Unnamed: 0,Disease,Symptom_1,Symptom_2,Symptom_3,Symptom_4,Symptom_5,Symptom_6,Symptom_7,Symptom_8,Symptom_9,Symptom_10,Symptom_11,Symptom_12,Symptom_13,Symptom_14,Symptom_15,Symptom_16,Symptom_17
0,Fungal infection,itching,skin_rash,nodal_skin_eruptions,dischromic _patches,,,,,,,,,,,,,
1,Fungal infection,skin_rash,nodal_skin_eruptions,dischromic _patches,,,,,,,,,,,,,,
2,Fungal infection,itching,nodal_skin_eruptions,dischromic _patches,,,,,,,,,,,,,,
3,Fungal infection,itching,skin_rash,dischromic _patches,,,,,,,,,,,,,,
4,Fungal infection,itching,skin_rash,nodal_skin_eruptions,,,,,,,,,,,,,,


## 2. Data Cleaning
The dataset often has underscores in symptom names (e.g., `stomach_pain` instead of `stomach pain`). We will remove these to make the results readable.

In [7]:
# Function to clean text
def clean_text(text):
    if isinstance(text, str):
        return text.replace('_', ' ').strip()
    return text

# Apply cleaning to all columns
df_clean = df.applymap(clean_text)

print("Cleaning complete. Sample:")
display(df_clean.iloc[0].values)

Cleaning complete. Sample:


  df_clean = df.applymap(clean_text)


array(['Fungal infection', 'itching', 'skin rash', 'nodal skin eruptions',
       'dischromic  patches', nan, nan, nan, nan, nan, nan, nan, nan, nan,
       nan, nan, nan, nan], dtype=object)
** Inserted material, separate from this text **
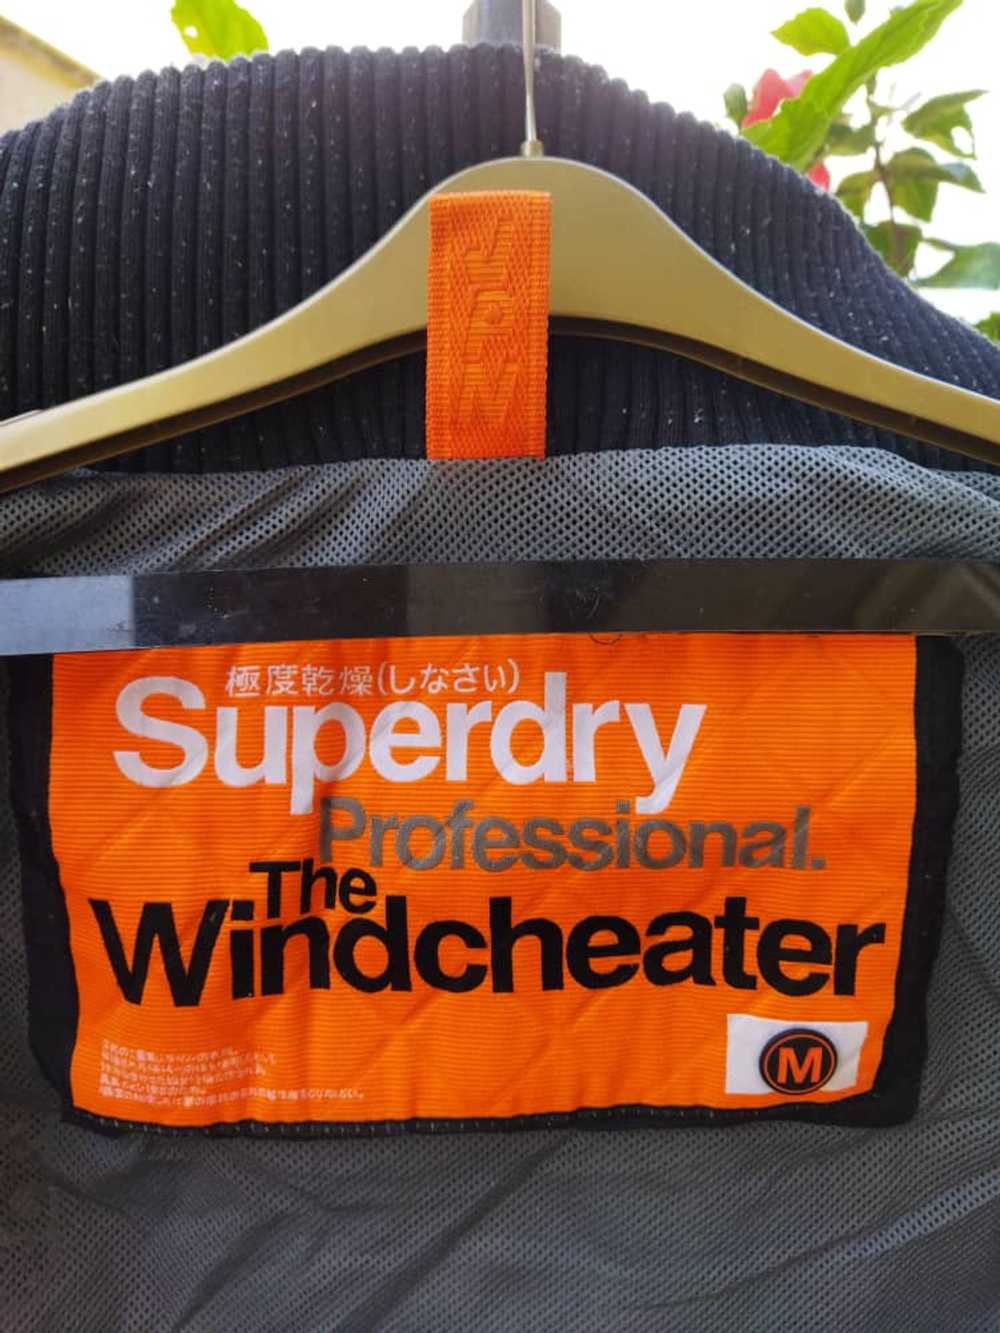 Superdry - SUPERDRY PROFESSIONAL THE WINDCHEATER - image 2
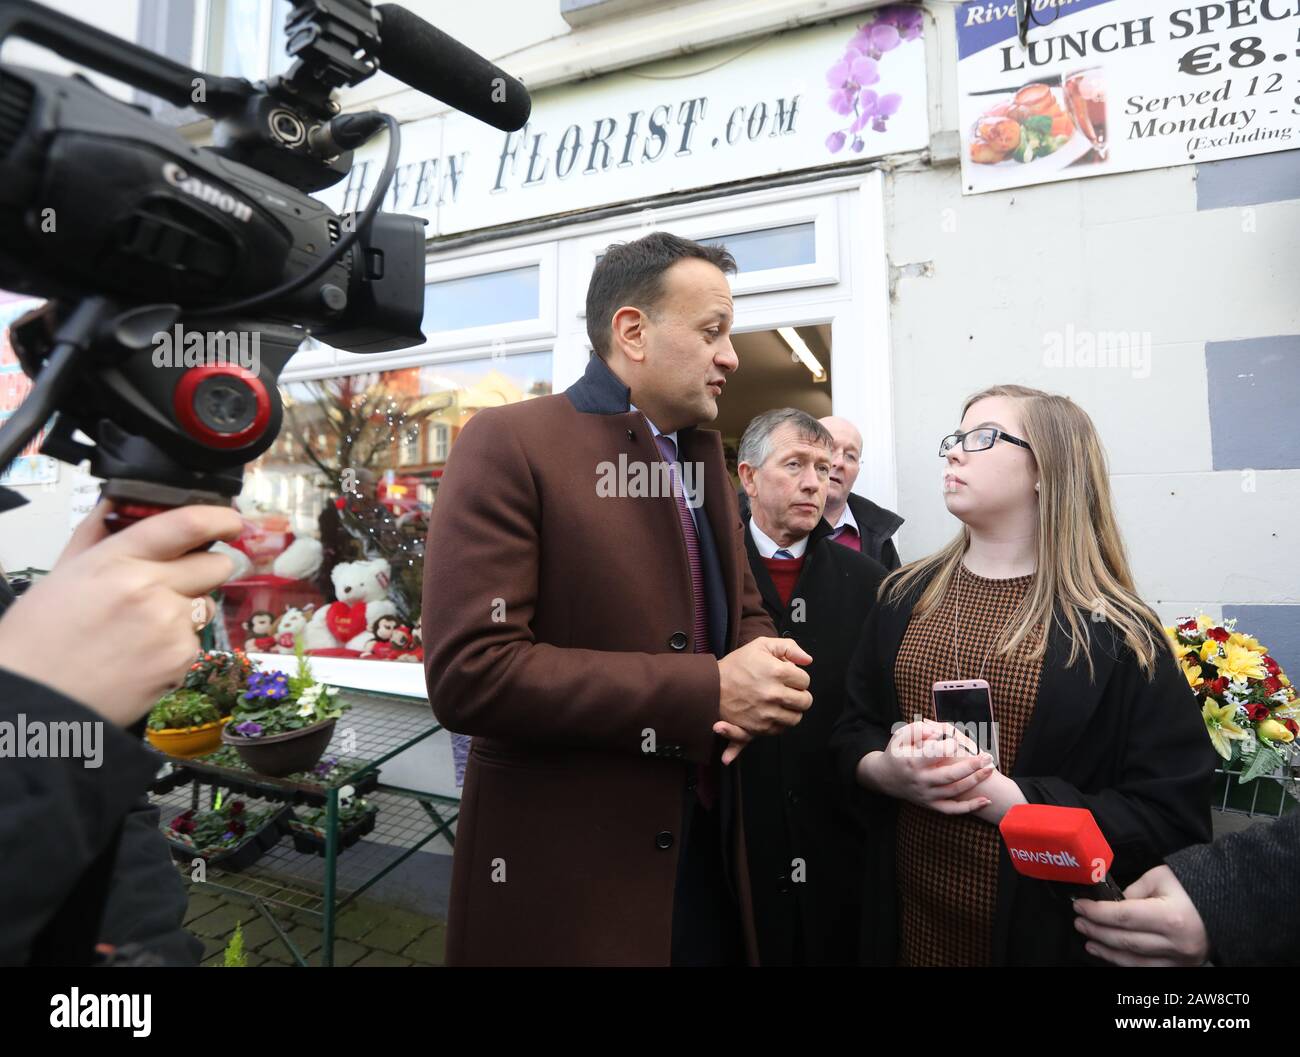 Tullow, Carlow, Ireland. 6/February/2020 General Election2020. Taoiseach and Fine Gael leader Leo Varadkar, responds to questions from 19yr old  Niamh Finn from Carlow, who asked why should she vote Fine Gael, when she casts her first ever vote on Saturday, during a canvass of Tulow in County Carlow.  Photo: Eamonn Farrell/RollingNews.ie/Alamy Live News Stock Photo

## 3. Transform to Transactions
The Apriori algorithm requires a list of transactions, where each transaction is a list of items (symptoms). We extract these from the dataframe rows.

In [8]:
transactions = []
for i in range(len(df_clean)):
    # Collect all symptoms in the row, ignoring NaNs
    row_values = [str(x) for x in df_clean.iloc[i].values if str(x) != 'nan']
    transactions.append(row_values)

print(f"✅ Extracted {len(transactions)} transactions.")
print(f"Sample Transaction: {transactions[0]}")

✅ Extracted 4920 transactions.
Sample Transaction: ['Fungal infection', 'itching', 'skin rash', 'nodal skin eruptions', 'dischromic  patches']


## 4. One-Hot Encoding
We convert the list of transactions into a boolean matrix (True/False) which Apriori needs.

In [9]:
te = TransactionEncoder()
te_ary = te.fit(transactions).transform(transactions)
df_encoded = pd.DataFrame(te_ary, columns=te.columns_)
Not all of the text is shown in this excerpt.